I almost didn't recognize her with a shirt on.
she burped and cried multiple times. it was like i was getting head from a baby.
My roommate still talks on AIM. What is this middle school?
Went to my car this morning. Found a waffle from Waffle House in the front seat. No idea how it got there. So hung over I ate it.
He kept saying it was because he was allergic to the chicken. Then he threw up on my mom.
I just undressed him with my eyes. And gave him a 10 inch penis. I hope its true.
You slept with a red coat way too close to independence day. It's just very unpatriotic.
If we both finish he brings me a beer and cookies, if only he finishes I get wine and cheesecake. I think I'm in love.
when your 30 and im 37 and we're lonely and single, lets make a pact to murder each other.
I woke up on top of his counter next to a pot of boiling water and an empty package of ramen... what happened to the ramen, we will never know.
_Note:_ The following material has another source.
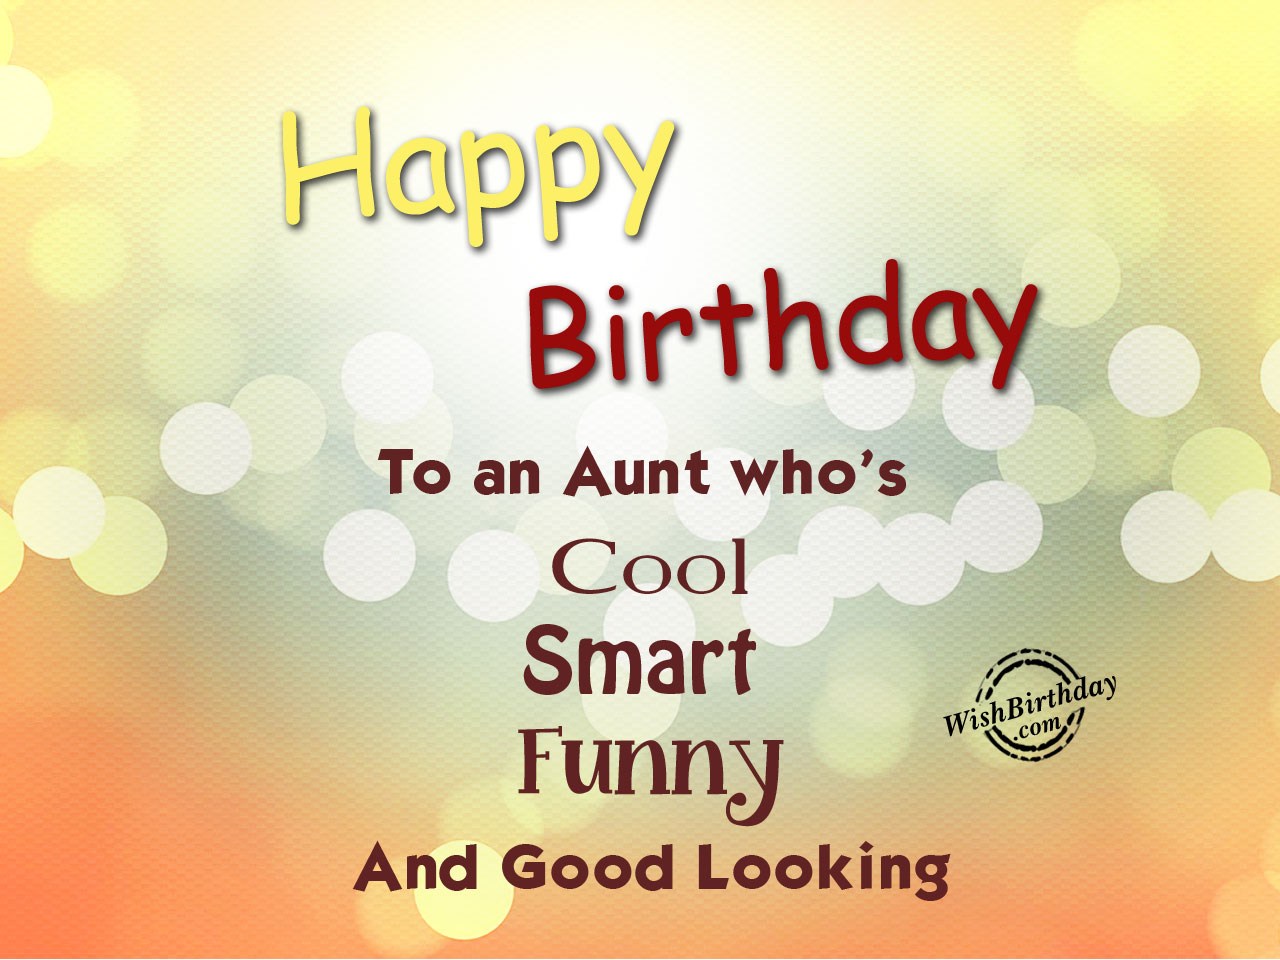 Birthday Wishes For Aunt  Birthday Images, Pictures

I'm convinced that the Christmas lights in my room contributed to the great sex.
I rubbed his back while he puked for an hour and then ended up getting laid when I tried to put him to bed, best puke and rally I've ever seen.
I DID MY EXPERIMENTING. FOUR YEARS OF IT. IN HIGH SCHOOL.
How hard do you think it would be to make a drinking game out of a Slip-N-Slide? Asking for a friend.